Liquefaction cause of far more damage than the shaking
UC students’ study finds liquefaction caused far more damage than the shaking
November 2, 2012
A year-long University of Canterbury (UC) students’ study has found liquefaction caused far more damage than ground movement in the Christchurch earthquakes.
Third-year civil engineering students Kate Brooks and Emily Craigie said large amounts of lateral and vertical ground movement due to liquefaction was shown to cause the most significant damage.
Previous studies indicated a strong correlation between peak ground velocity, ground strain and hence pipe damage in earthquakes.
The two students carried out a statistical analysis of wastewater pipe performance in the Christchurch earthquakes and they looked at 1488km of pipe which had sustained 2078 break damages.
``We found liquefaction was a significant contributor to pipe failure and much of that was out east of the city which was the worst affected area for pipe damage. In particular, we found that smaller diameter pipes at greater depths were most susceptible. Materials that performed the worst within the Christchurch wastewater network were earthenware, concrete, reinforced concrete and asbestos cement,’’ Brooks said today.

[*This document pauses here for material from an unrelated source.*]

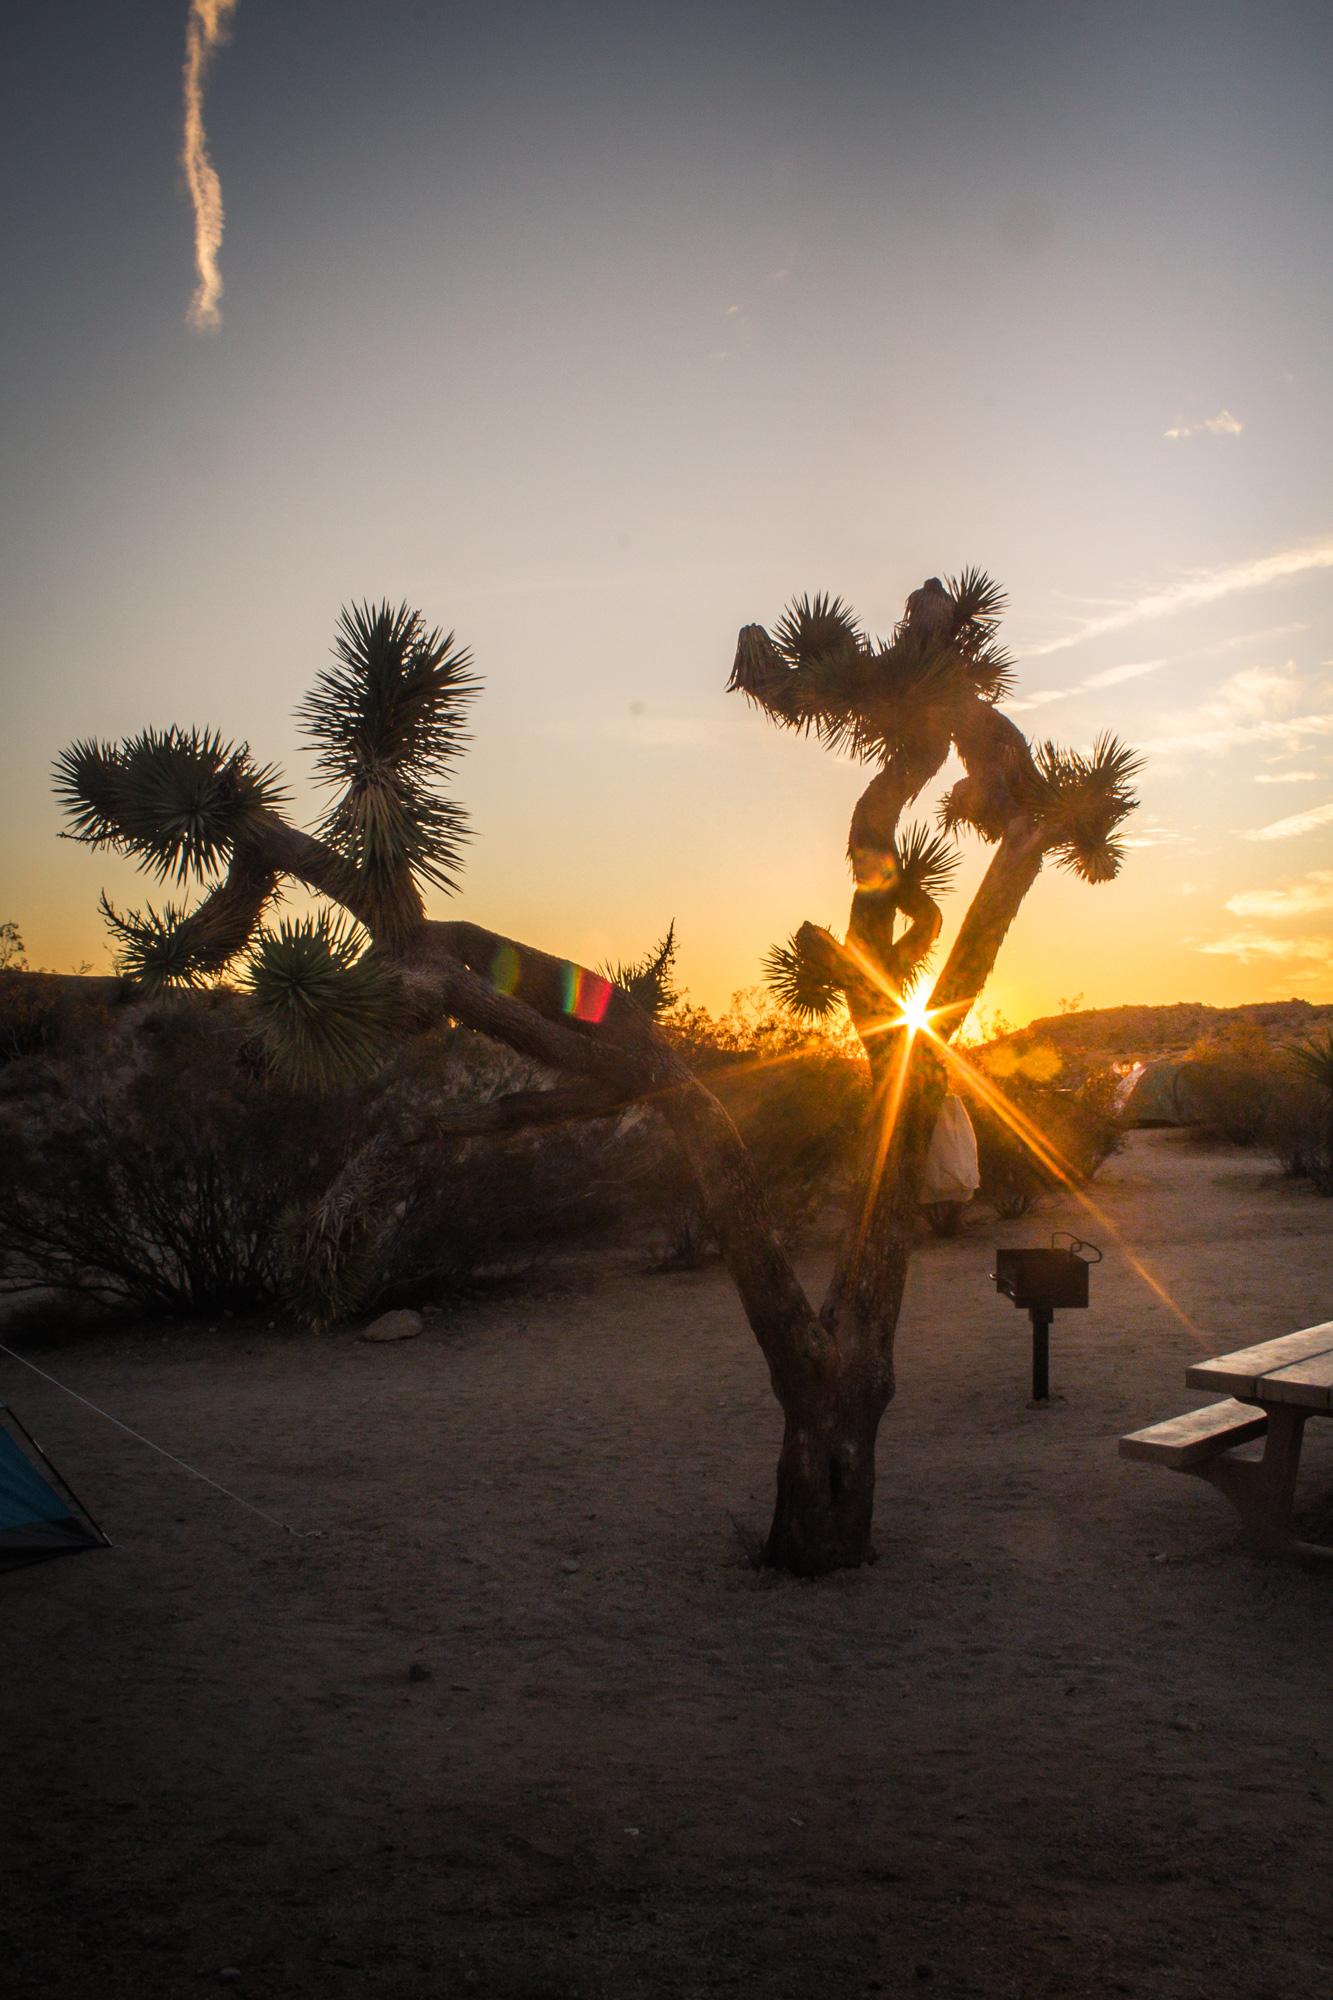 Sunrise in Joshua Tree National Park.jpg

``Primarily it is hoped that our research will be used here in Christchurch when decisions are being made as to what pipe materials should be used in network reconstruction and maintenance. Emily and I are both working for engineering firms here in Christchurch next year so it should be exciting.
``The older more brittle pipes present in the Christchurch wastewater network, asbestos cement, cast iron, earthenware and reinforced concrete suffered higher amounts of damage than the plastic pipe materials, polyvinylchloride and polyethylene,’’ Brooks said.

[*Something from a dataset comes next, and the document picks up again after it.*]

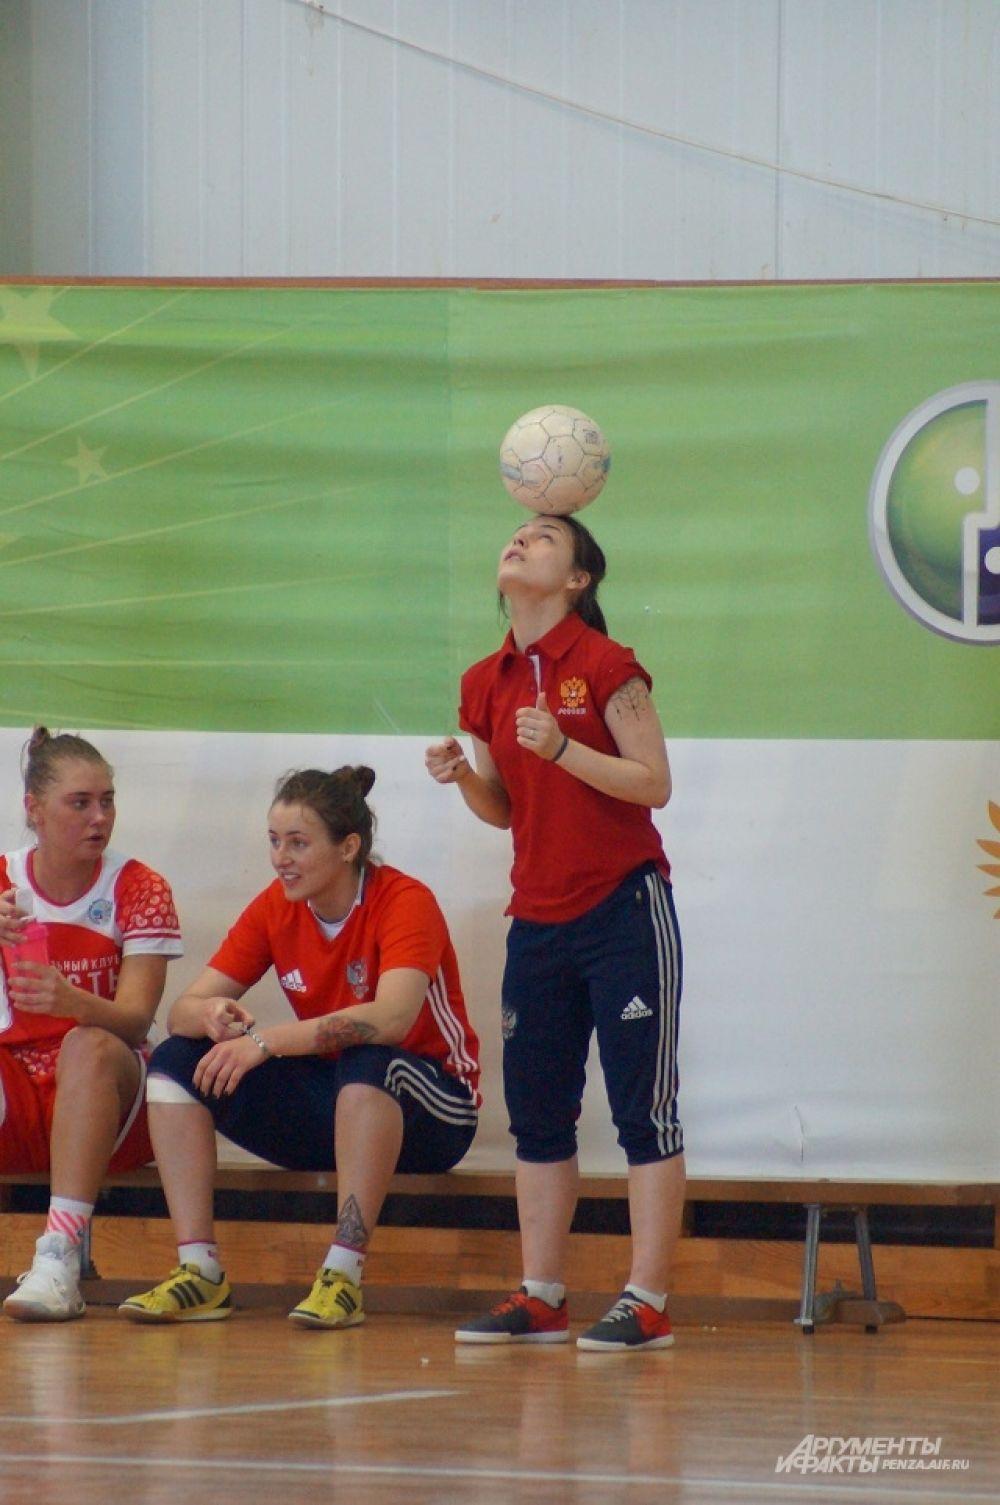 Небольшой мастер-класс для присутствующих от игрока МФК «Лагуна-УОР» Ольги Тигиной.

The 2010 and 2011 Canterbury earthquakes left Christchurch city’s 1700km pipe network severely damaged. Brooks and Craigie recognised the opportunity and need for research to be carried out on the network damage in the interests of both international academia and the Christchurch rebuild.
The Stronger Christchurch Infrastucture Rebuild Team (SCIRT) has been established to carry out the rebuild of roading, wastewater, water supply and storm water infrastructure.
``After talking with them we decided to focus our attention on the wastewater network which suffered major damage after the earthquakes, leaving thousands of residents without access to a working sewerage system.
``SCIRT has recognised the need to quickly repair and replace damaged components within the system, while simultaneously improving resilience to future seismic events. To improve the resilience of the network it is necessary to understand the current faults and areas needing improvement within the network.
``In our study we undertook a detailed investigation into the performance of buried wastewater pipes and investigated how physical parameters (such as material, diameter, depth of burial, length and age), along with seismic forces (permanent ground displacement and peak ground velocity) contribute to a pipe’s failure susceptibility,’’ Brooks said.
Their research involved processing large databases of more than 35,000 pipes, earthquake data and photographic evidence to quantify earthquake damage and identify key trends in pipe performance. They were able to draw conclusions on what pipe materials suffered the most and least amount of damage, as well as how other factors such as depth, peak ground velocity and liquefaction affected the amount of damage sustained.
Craigie said they calculated repair rates (repairs per km) for pipes of different materials, ground velocity and liquefaction. Such conventions are used internationally in establishing fragility models for buried pipes and establishing design standards for pipes in earthquake prone areas.
``One day this data may be used to improve these models and the international understanding of pipe performance in earthquakes.
``Liquefaction was a major consequence of the Canterbury earthquakes and little is known about buried pipe performance during this phenomena. Our collation of data provides a useful snapshot of pipe failures in liquefied soils.
``Study in this area will be continued next year by PhD student Melanie Liu, who is working on a related subject - seismic resilience for sewerage systems. This is an exciting area of research with plenty more work to be done,’’ Craigie said.
Brooks and Craigie recommended a system should be established to classify repairs by pipe type. Steps should be taken to reduce the impact of liquefaction on pipes in areas identified as being of high susceptibility to liquefaction. They said further investigation into the performance of polyvinylchloride and polyethylene pipes in liquefied soils should be carried out.
The pair carried out their research under the supervision UC's Dr Sonia Giovinazzi and Associate Professor Mark Milke.